Bordeaux is three hours from Paris by TGV — one of the great train journeys in France. The city has transformed over the past two decades. The old port district is now beautifully restored, lined with grand 18th-century stone buildings. The wine bars near the Marché des Capucins are excellent, and the city is thoroughly walkable.

Spend one full day in Bordeaux, then hire a car and head east into the Dordogne Valley. The Dordogne is medieval France at its most photogenic — cliff-top castles, river bends, golden stone villages, and markets that have run the same way for centuries.

The village of Rocamadour clings to a limestone cliff above the Alzou valley. The market town of Sarlat-la-Canéda has barely changed since the 15th century. Both are worth the detour from Bordeaux.

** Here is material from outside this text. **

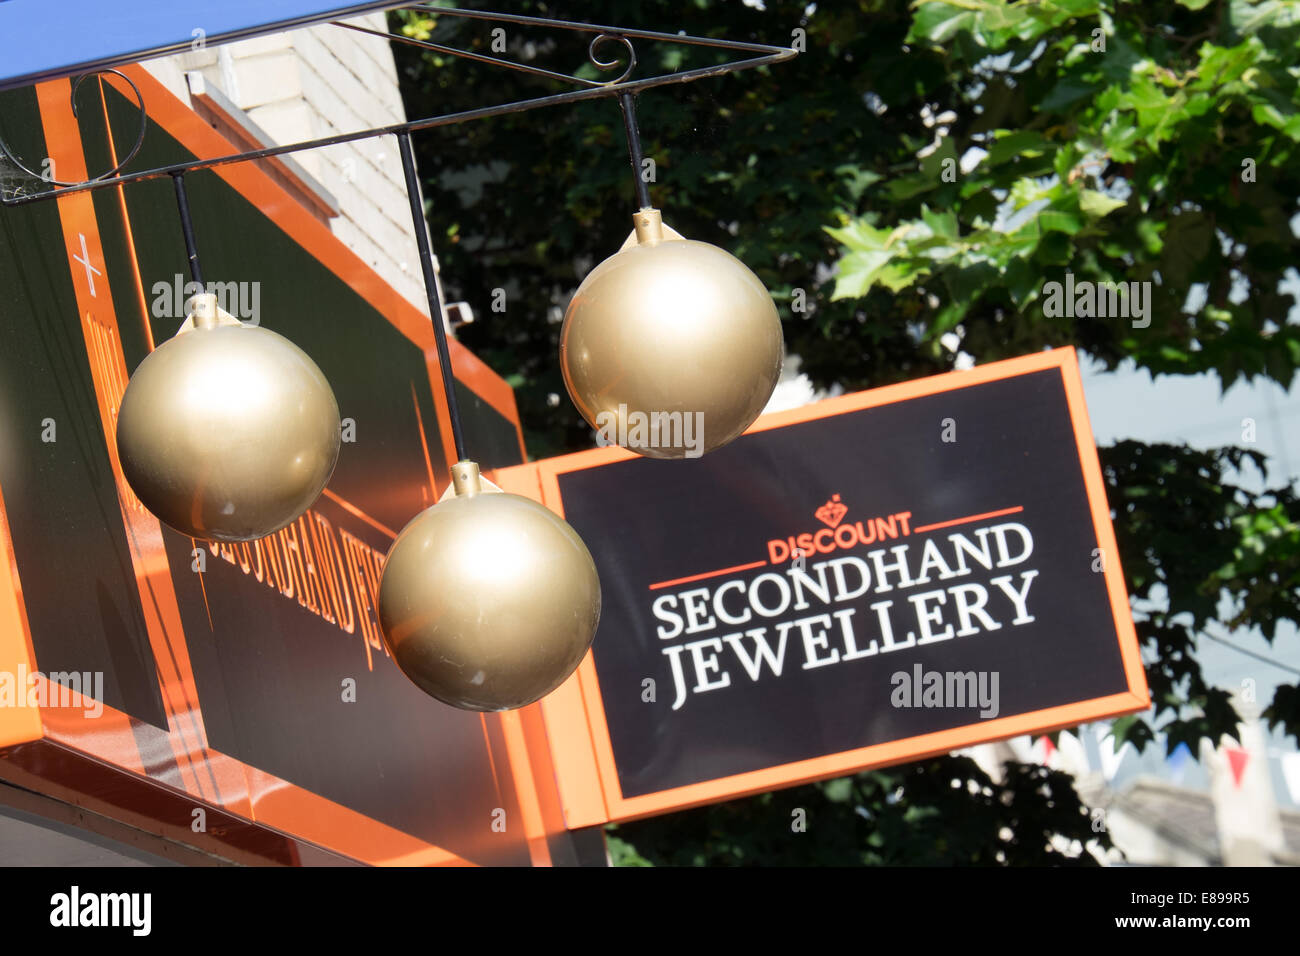 Three golden balls sign hanging outside a high street pawn shop & secondnand jewelry store in Swindon, Wiltshire, UK Stock Photo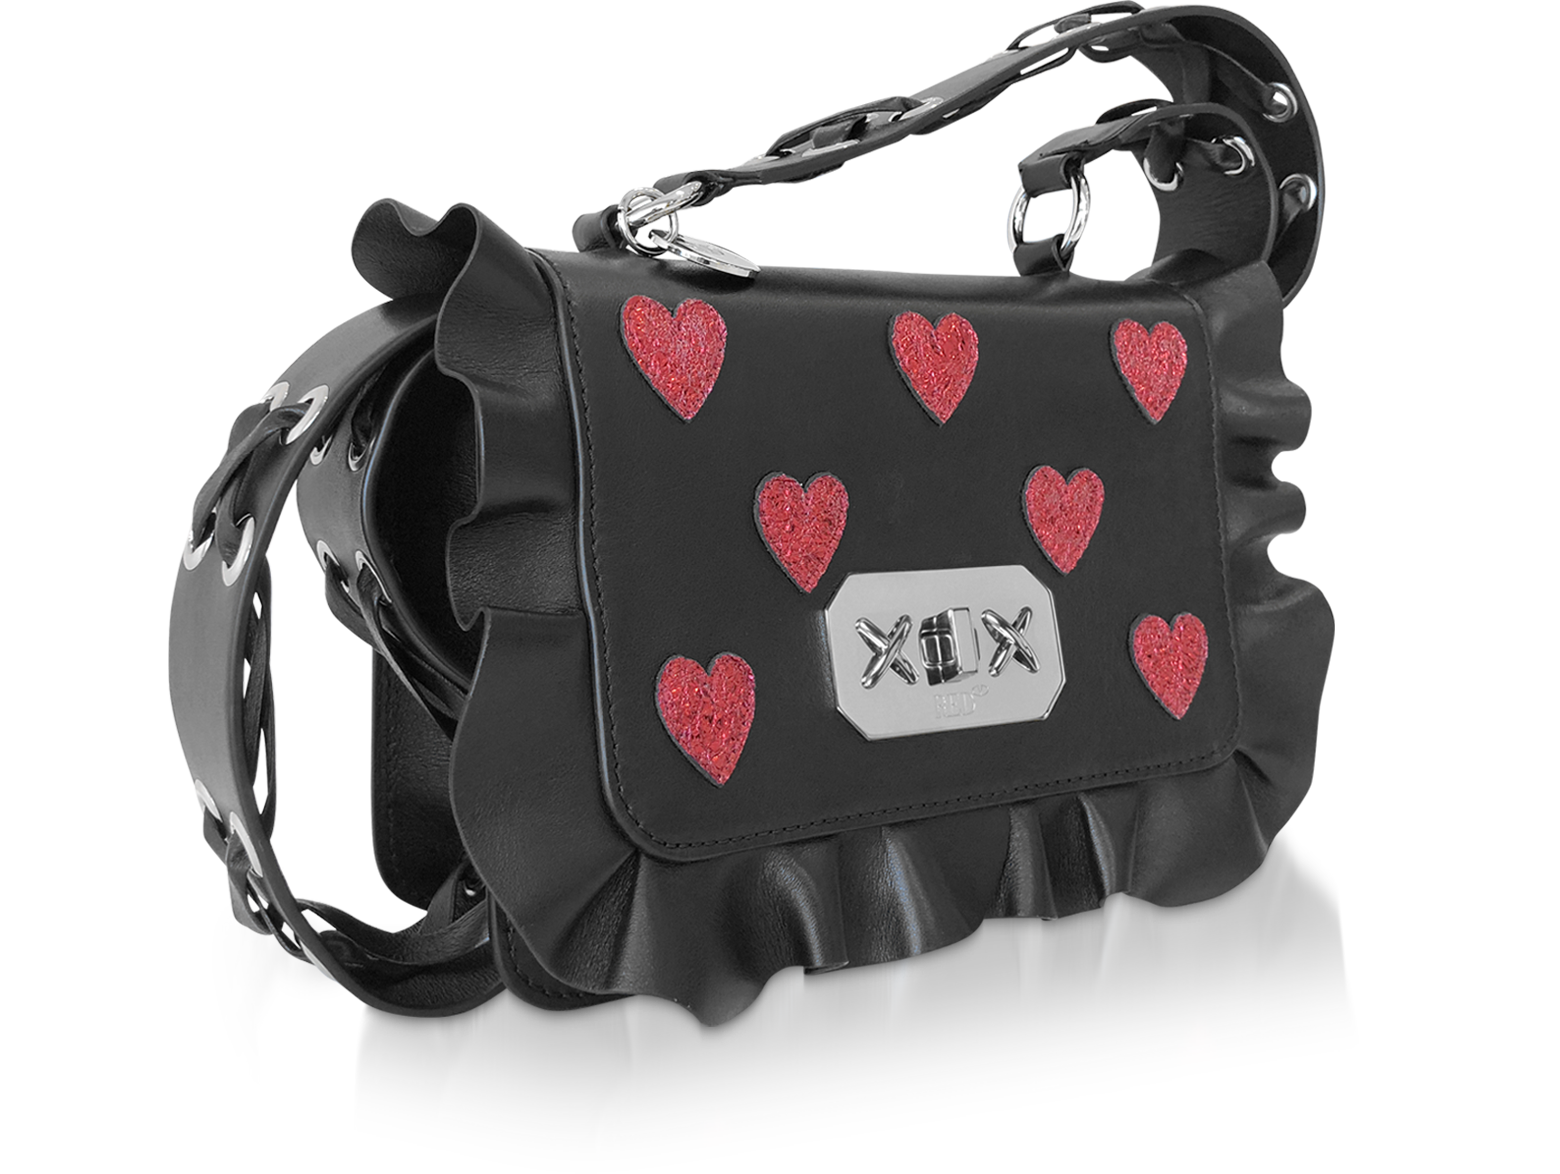 RED Valentino Black Butterfly Print Leather Crossbody Bag at FORZIERI

Our Bordeaux travel guide covers the best neighbourhoods, wine excursions, and day trips from the city.

Days 10–12: Provence

From Bordeaux, take the train east to Avignon or Marseille and make your base somewhere in Provence. Avignon works well as a hub — it has the remarkable Palais des Papes, connects easily by train to the rest of France, and sits within reach of the Luberon villages that appear on most France bucket lists.

If you travel in June or July, the lavender fields around Valensole and in the Luberon are in full bloom. Outside those months, Provence still delivers. The light, the markets, the rosé, the food — this is a place that rewards travellers who stay long enough to slow down.

Gordes, Roussillon, and Bonnieux are the three Luberon villages most worth visiting. None of them takes more than two hours to explore, but each one rewards a full afternoon if you stop for lunch and take the back roads between them.

See our Provence travel guide for a full breakdown of where to stay, what to see, and how to time your visit around the lavender season.

Days 13–14: The French Riviera

From Provence, head south to the coast. Nice is the natural base on the French Riviera — it has an international airport (useful for flying home), a lively old town with excellent restaurants, a proper beach, and easy access to the villages along the coast.

Day trips to Antibes, Villefranche-sur-Mer, or the hilltop village of Èze make strong additions to these final two days. Èze sits 400 metres above the sea with views over Monaco and the entire coastline below. The Promenade des Anglais is best walked early in the morning before the heat and the crowds arrive.

An Alternative: The Northern Route

If you prefer history and cooler temperatures over sunshine and rosé, consider a northern loop instead of heading south:

  • Days 4–6: Normandy — the D-Day beaches, Mont Saint-Michel, and the Étretat cliffs
  • Days 7–9: Champagne — Reims cathedral, the great underground cellars, the vineyard villages
  • Days 10–12: Burgundy — wine villages, Beaune, and the Côte d’Or vineyards
  • Days 13–14: Lyon — France’s food capital and a city worth at least two full days

This route stays closer to Paris and works particularly well in spring and autumn when the southern regions can still feel busy. Our Normandy travel guide covers all the D-Day sites, coastal towns, and inland highlights.

The Best Time to Go

May, June, September, and early October are the best months for a two-week France trip. The weather is warm and reliable, the crowds are manageable, and prices are noticeably lower than peak summer.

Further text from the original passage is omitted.